→ **INPUT DATA**:
◇ ◇ ◇ ◇ ◇

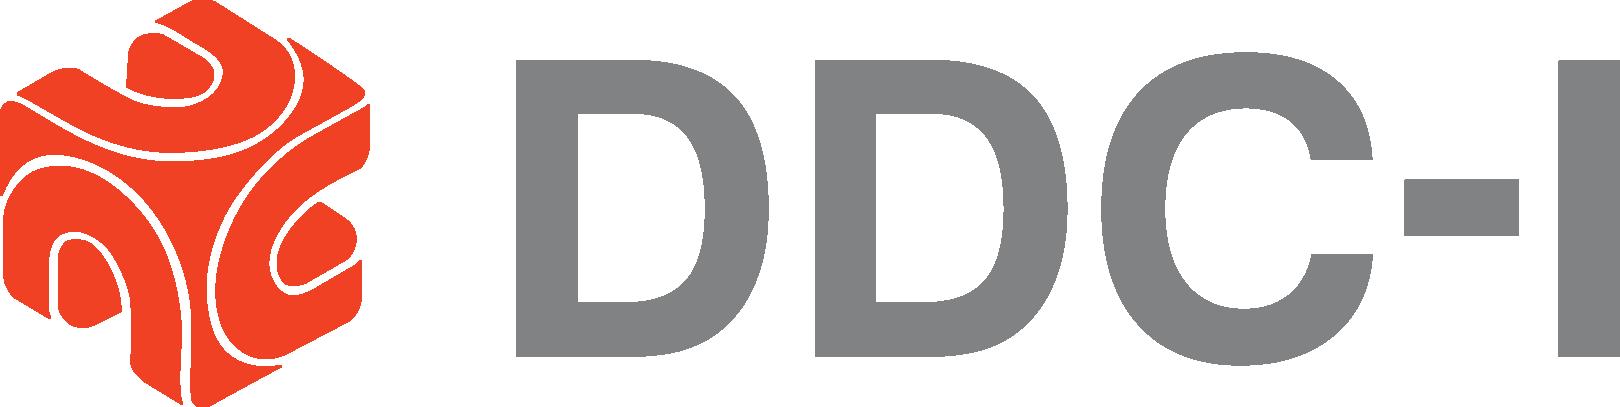 DDC-ILogoHighRes
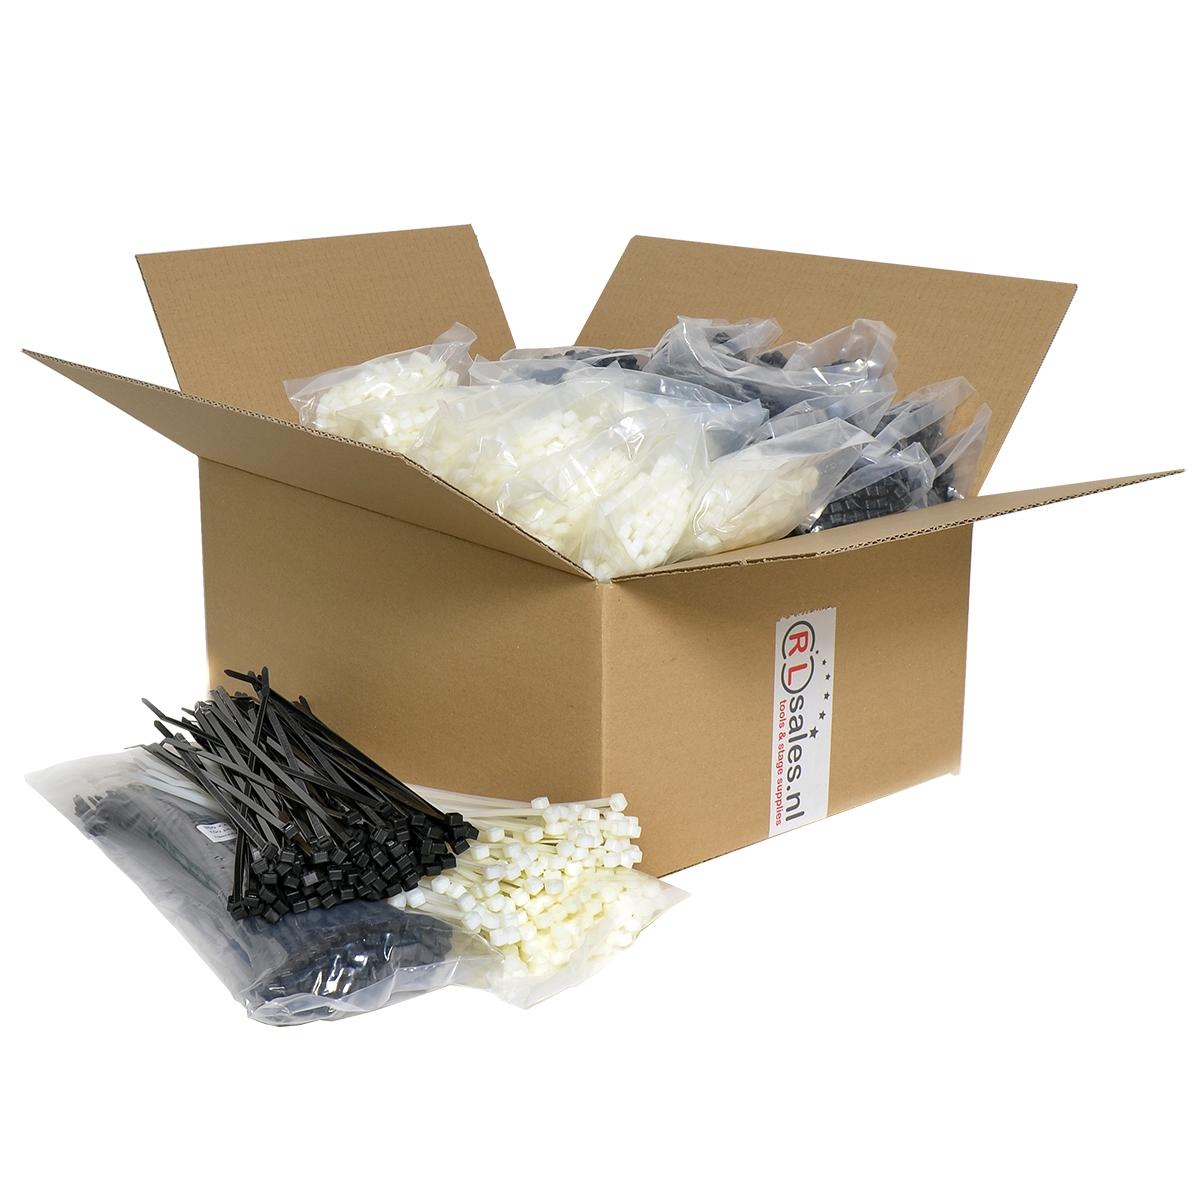 Kabelbinders 4,8 x 300 mm - 10 zakken zwart en 10 zakken wit
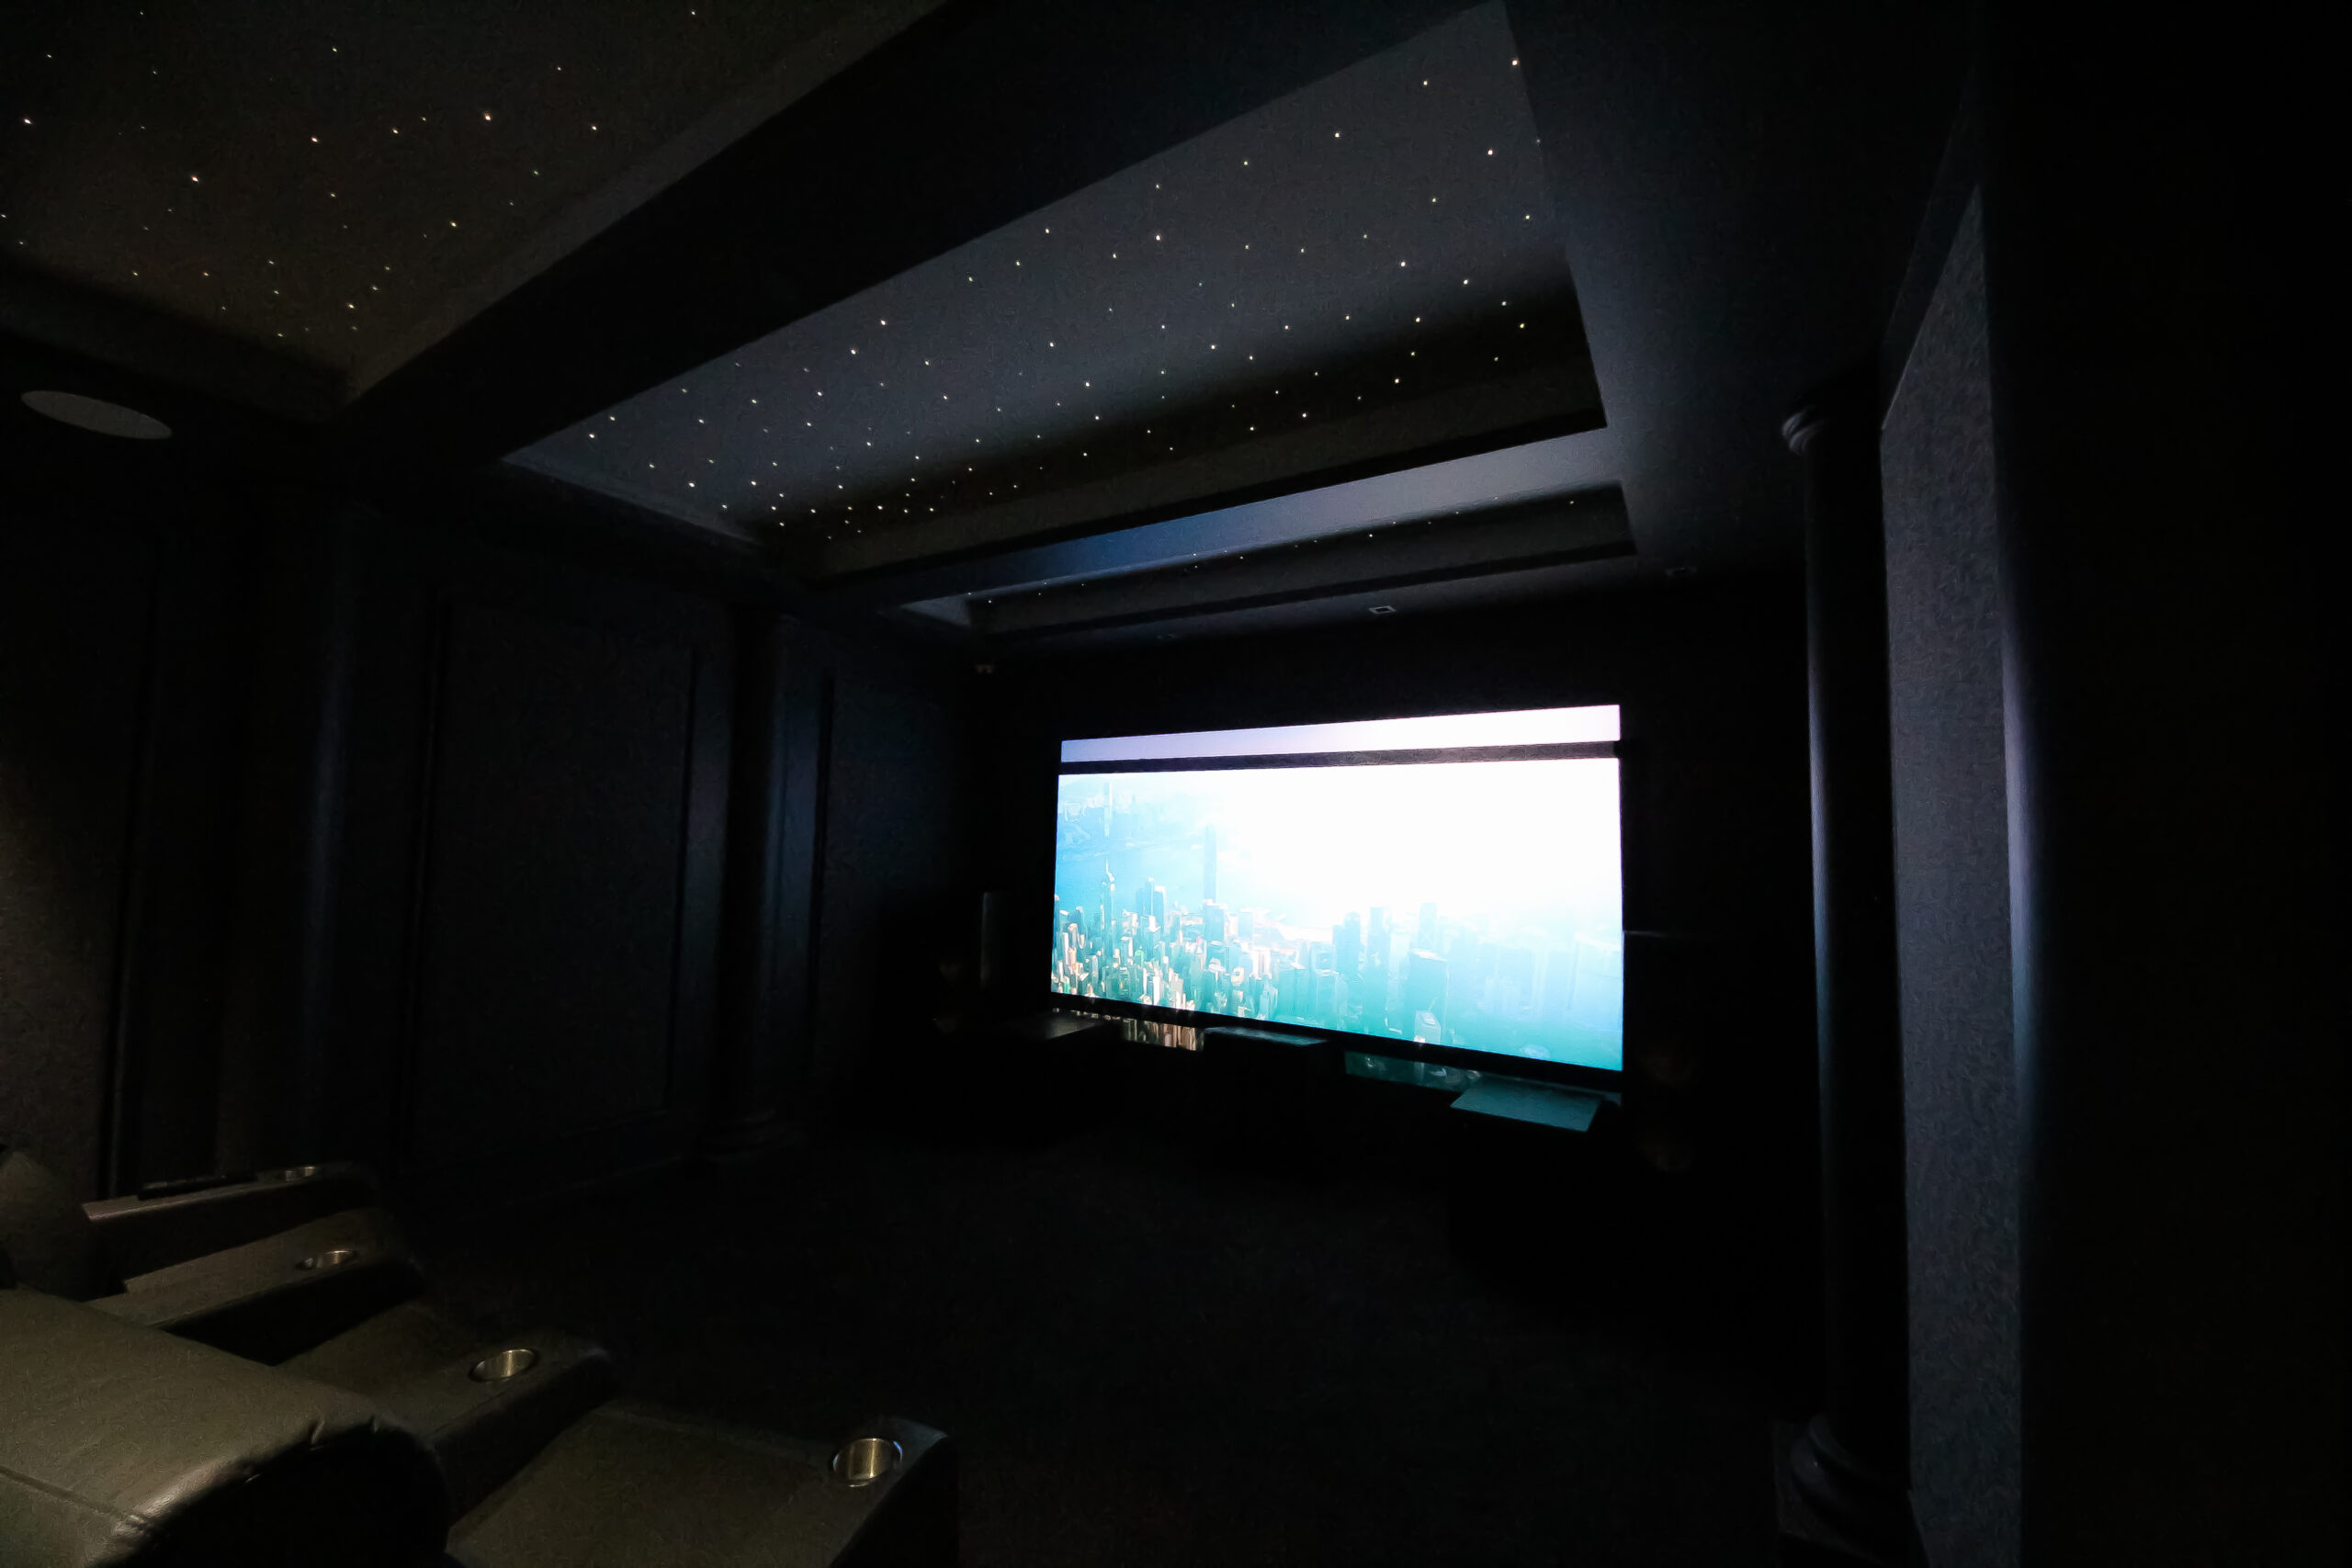 THEATRE ROOM 5

◇ ◇ ◇ ◇ ◇

→ **YOUR OBJECTIVE**: All of the material above must be given again verbatim, except for the pictures.

→ **EXERCISE ANSWER**:
 DDC-ILogoHighRes
 Kabelbinders 4,8 x 300 mm - 10 zakken zwart en 10 zakken wit
 THEATRE ROOM 5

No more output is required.